De uma família operária, Azucena Villaflor de Vicenti nasceu em Avellaneda, na província de Buenos Aires, no dia 7 de abril de 1924. Filha da dona de casa Emma Nitz, que a teve com apenas 15 anos, e do operário de uma fábrica de lã, Florentino Villaflor, era uma “pessoa comum”, mas que tinha como características a predisposição de liderança e amor pelos filhos.
Azucena começou a trabalhar cedo. Foi contratada aos 15 anos como telefonista em uma fábrica de geladeiras e viveu o importante 17 de outubro de 1945, considerado um marco na luta sindical argentina, pois milhares de trabalhadores interromperam seus serviços para pedir a libertação de Juan Domingo Perón. Ela se casou em 1949 com o também operário Pedro de Vicentini e juntos tiveram quatro filhos: Pedro, Néstor, Adrián e Cecilia.
Assim como muito jovens universitários nos anos 70, o seu segundo filho, Néstor, começou a militar na Juventud Peronista, quando estudava na Facultad de Arquitectura. O que eles não sabiam é que esse engajamento político mudaria a vida de ambos, mãe e filho.

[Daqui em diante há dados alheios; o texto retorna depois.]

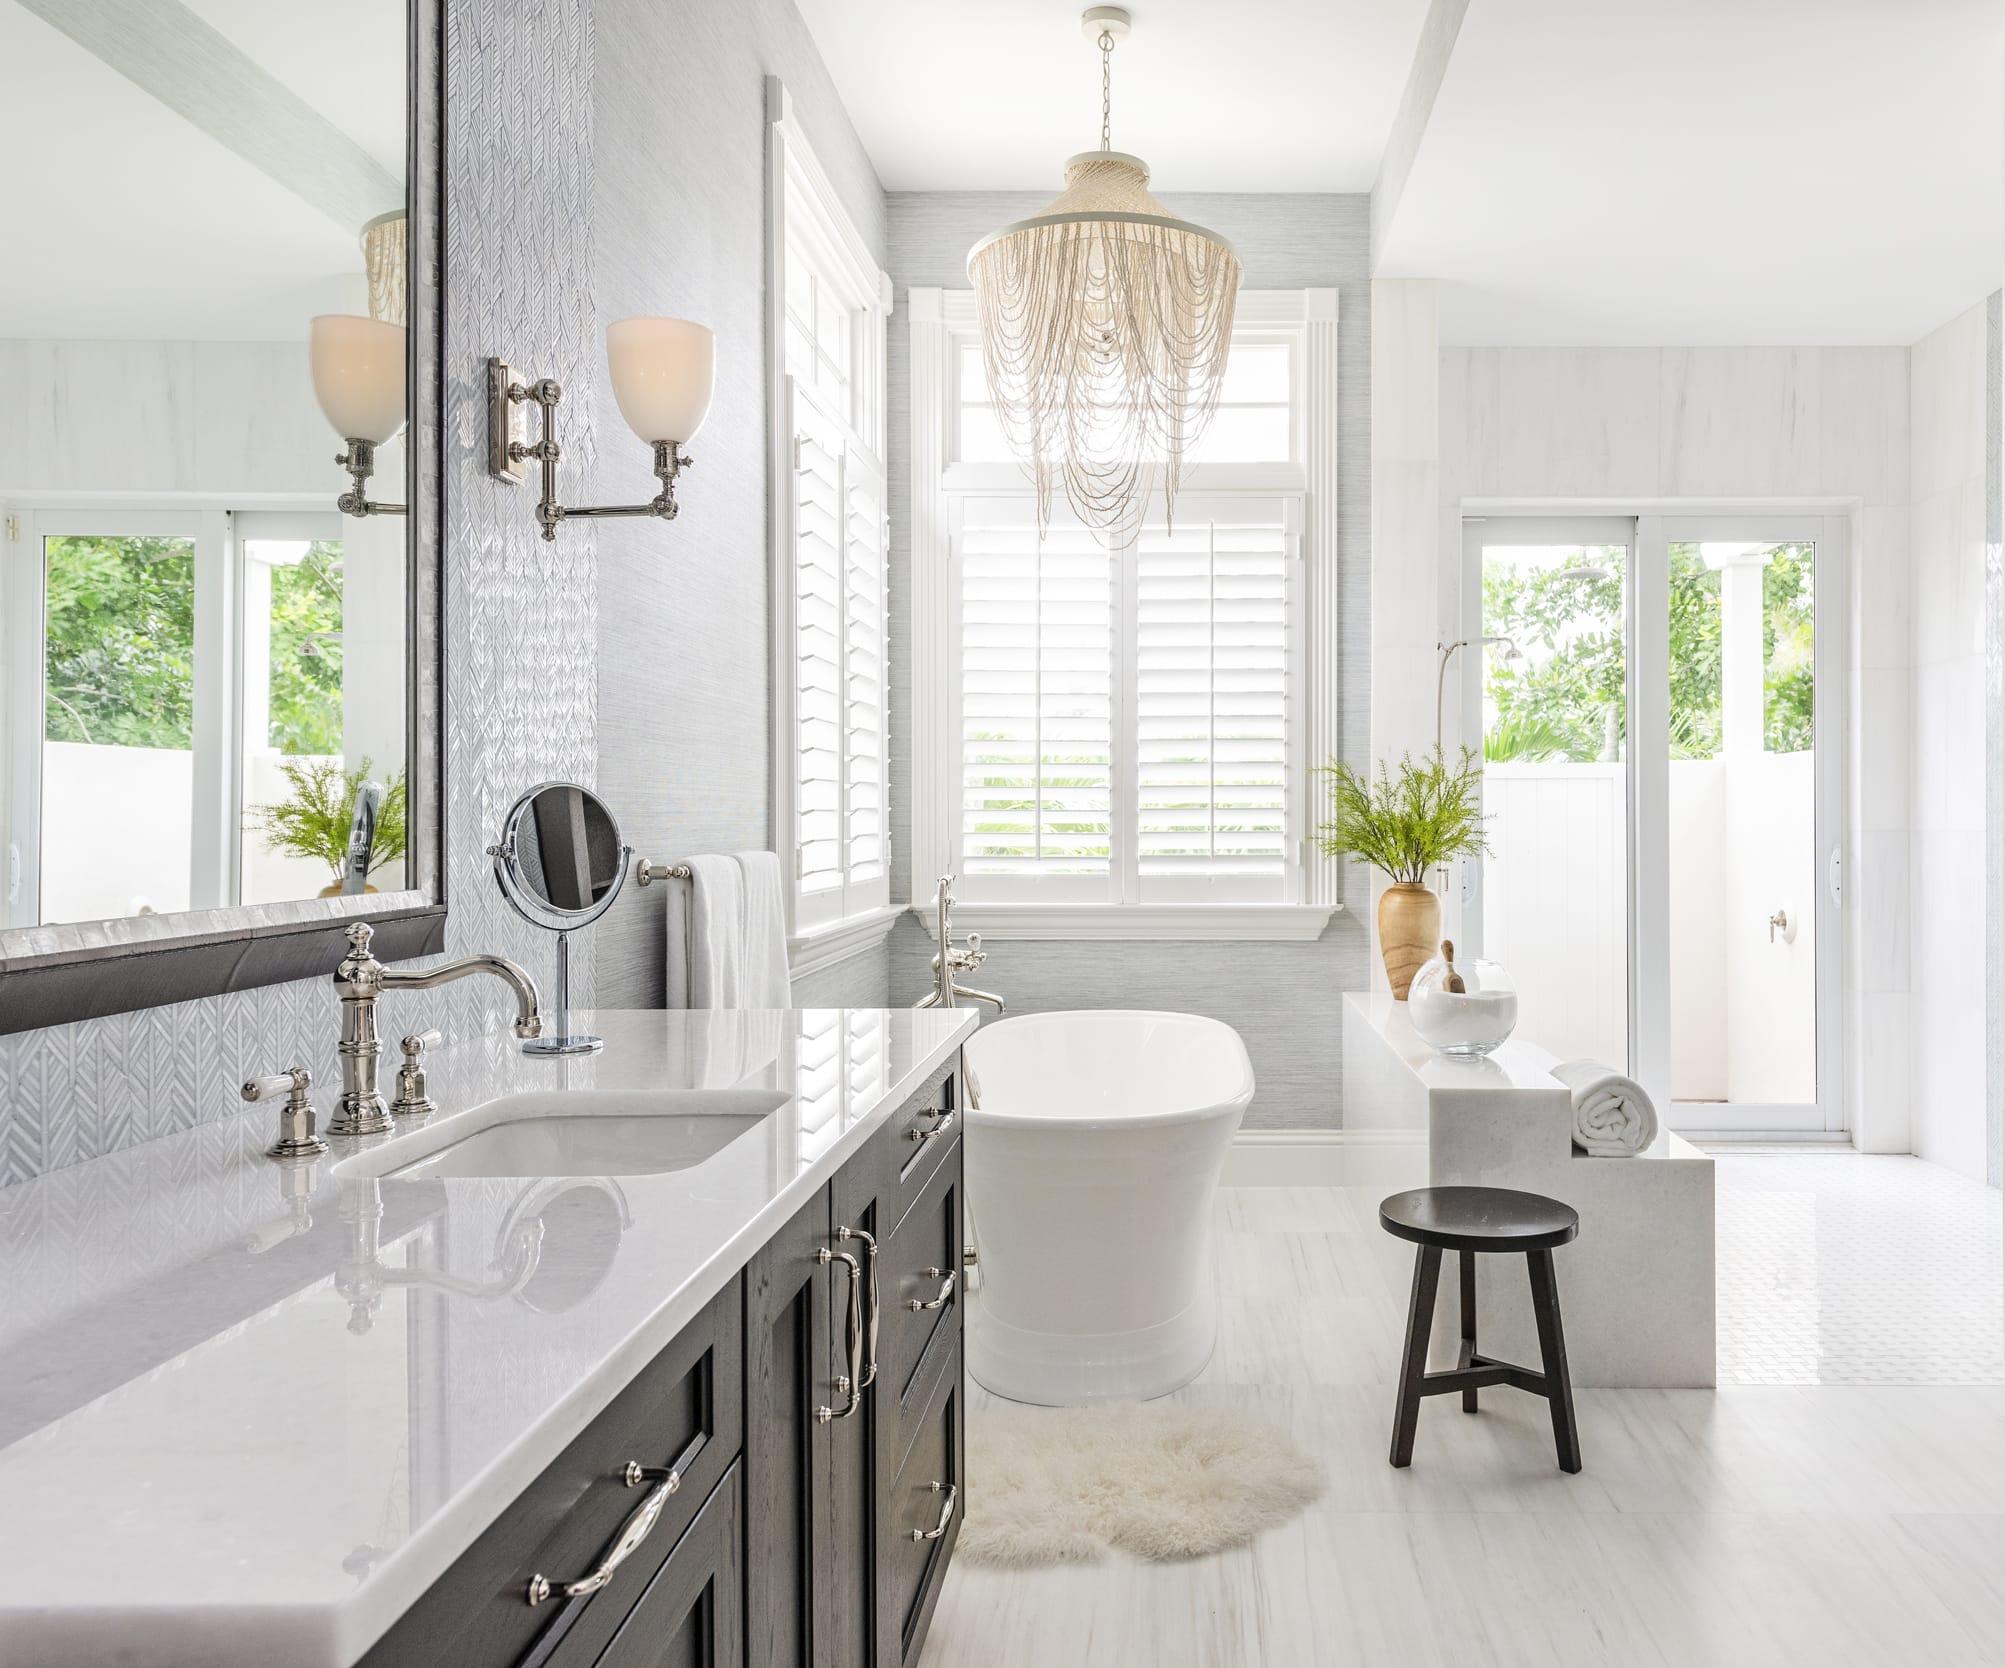 Jeffrey Fisher Home Light Blue Leaf Tile Master Bathroom Chandelier

Como surgiu o coletivo Madres de Plaza de Mayo?
Em 30 de novembro de 1976, Néstor e sua namorada, Raquel, foram sequestrados pelos generais da Ditadura, que havia se autodeclarado como "Processo de Reorganização Nacional". Azucena não ficou com os braços cruzados e passou a cobrar explicações do paradeiro de seu filho e sua nora.
Cansada de não obter respostas dos funcionários da Ditadura, ela convocou outras mulheres a se reunirem na Plaza de Mayo, símbolo histórico de luta em Buenos Aires e sede do governo, a Casa Rosada. Seis meses após o sequestro, no dia 30 de abril de 1977, às 16h30, elas se encontraram e desafiaram a ditadura que proibia reuniões de mais de 3 pessoas em via pública e cobraram respostas sobre o paradeiro de seus entes queridos.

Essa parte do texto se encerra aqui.